There are three connections on this alternator, its metal case serves as ground and must be connected to the battery’s negative terminal, there are two wires at the top of the alternator. Both must be connected to the battery’s positive terminal; the current flows through the thicker wire to the batteries when the alternator is operating and the other wire connects the regulator and the field coil to the battery. Alternators do not possess permanent magnets, therefore they can only generate electricity if their rotor coil (field coil) – the inside coil that rotates at the same speed as the alternator’s pulley – is excited with some sort of initial current. It is important to disconnect the batteries from the alternator when not operating, otherwise the batteries will run themselves down powering the field coil. The alternator has a regulator that controls the amount of current flowing to the field coil; with this wire it checks the voltage across the batteries and maintains the current to the field coil so that the voltage stays at a constant 14.4 V (the optimal voltage to recharge car batteries).

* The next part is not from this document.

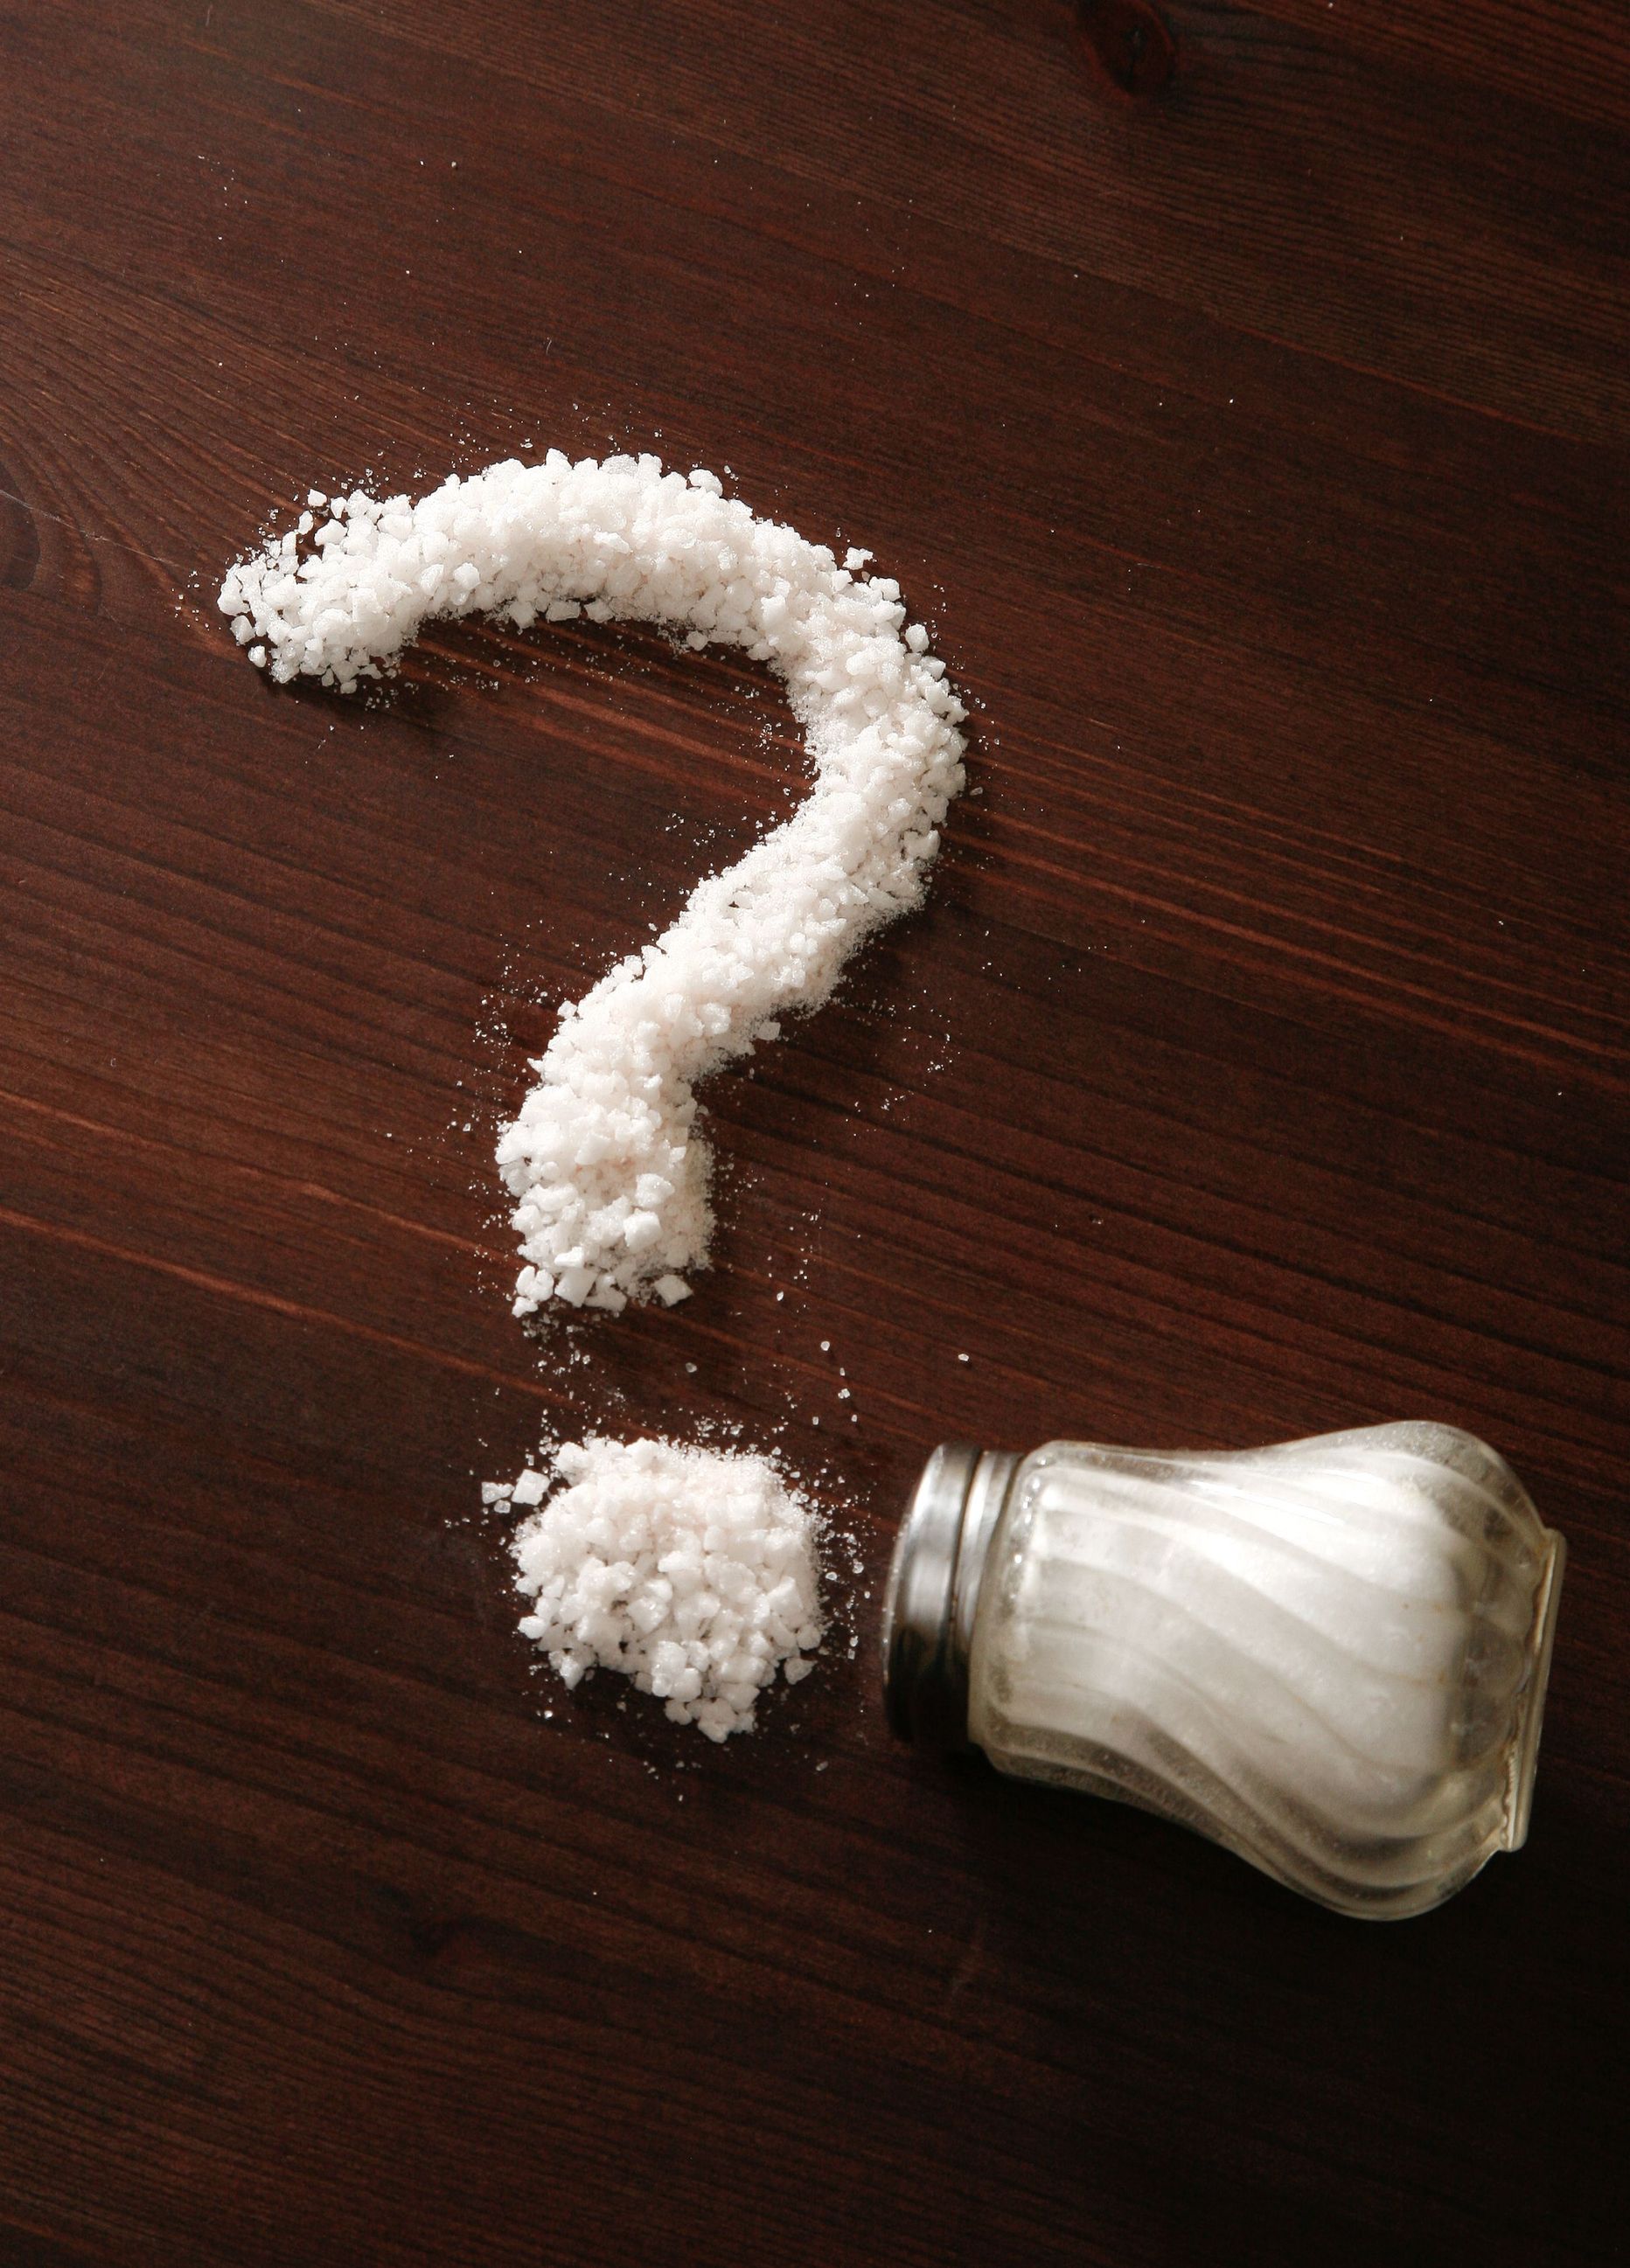 Rohke soola söömine suurendab nii insuldi tekkimise kui ka veresoonkonna haiguste esinemise riski.
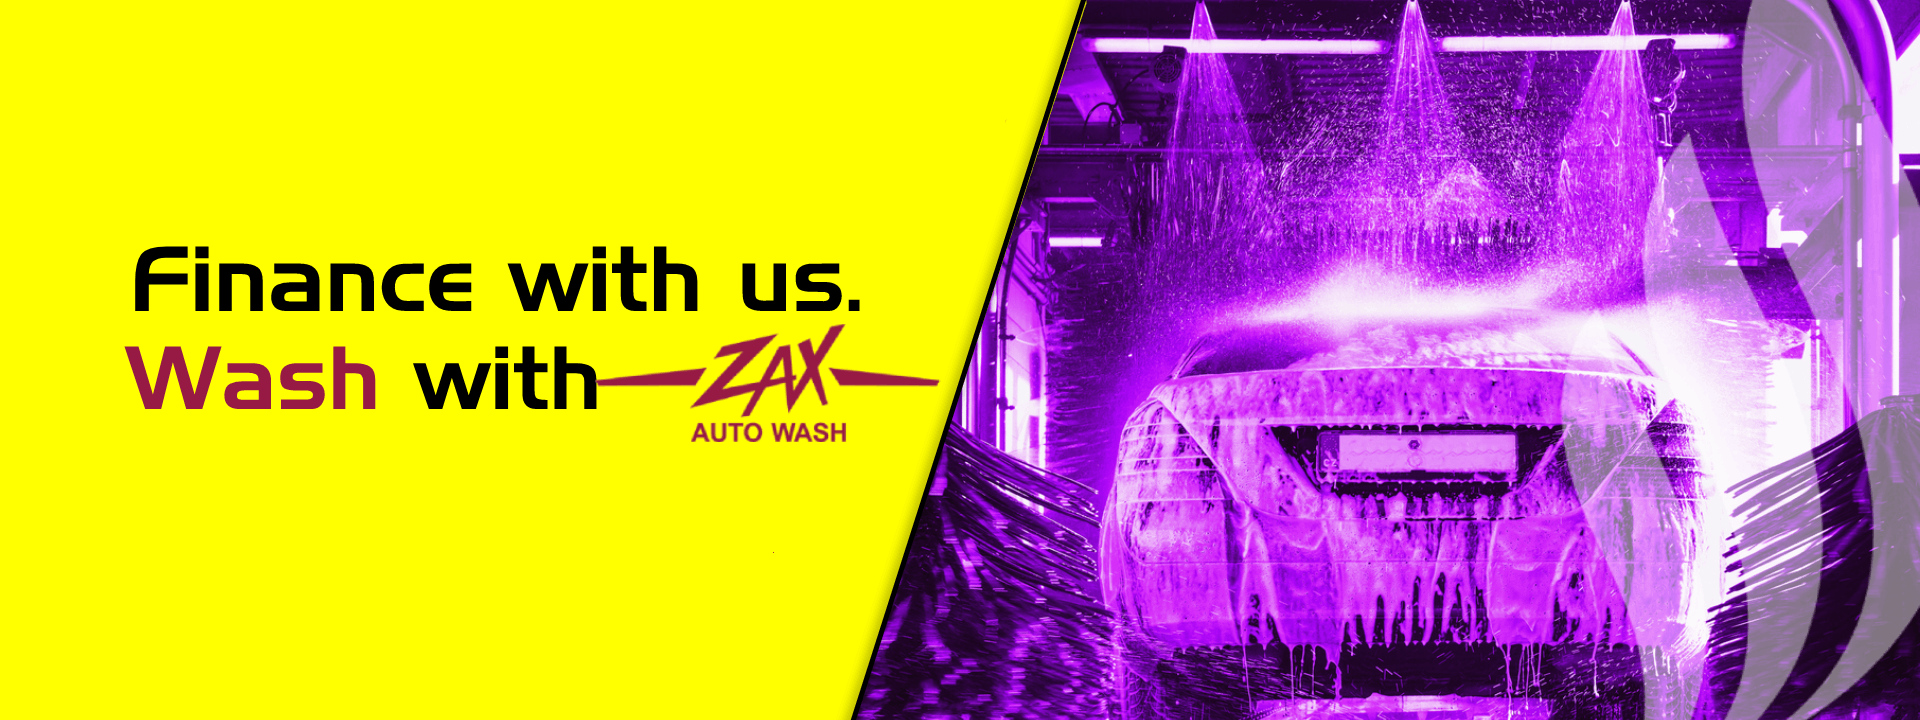 Zax Auto Wash Promotion

I charged the battery cluster for about 90 minutes, initially at 12.7 V and 13.4 V after charging. Will find out soon enough what this means in practice, in terms of how often I have to recharge them. After all, they are second hand, in different conditions and it is winter over here. The MEM said to charge the batteries when they drop below 12.0 V. The pulley ratio between the crank shaft and the alternator is slightly greater than 2:1. At idle, the alternator puts out 14.0 – 14.1 V across the battery bank and we assume it runs at about 2000 rpm. Diesel consumption is approximatively half a liter per hour, and considering that most petrol generators operate at 3000 rpm and that petrol is more expensive than diesel, we’ve certainly got a nice little setup here. The next task is to build a housing for the battery bank and a mobile, weather-proof casing for the generator.

3 thoughts on “Homebuilt 12 Volt Generator Part II”

  1. Nice setup. Do you plan to add a voltage converter for your 220V appliances into the box? Also, what about a basic battery status LED that shows when you need to load the batteries again? Letting them drain completely might cause trouble with the alternator that needs minimum current to work.

    1. Cheers Lars, I’ve got a modified sine wave 300W inverter that I’ll use for 220V appliances to start with. For now it should do, as the laptop and lighting will work on 12 V. You don’t want to leave the batteries drained, that will harm them, so yeah a Volt and an Ampere gauge would come in handy. For now, I’ll have to use my multimeter.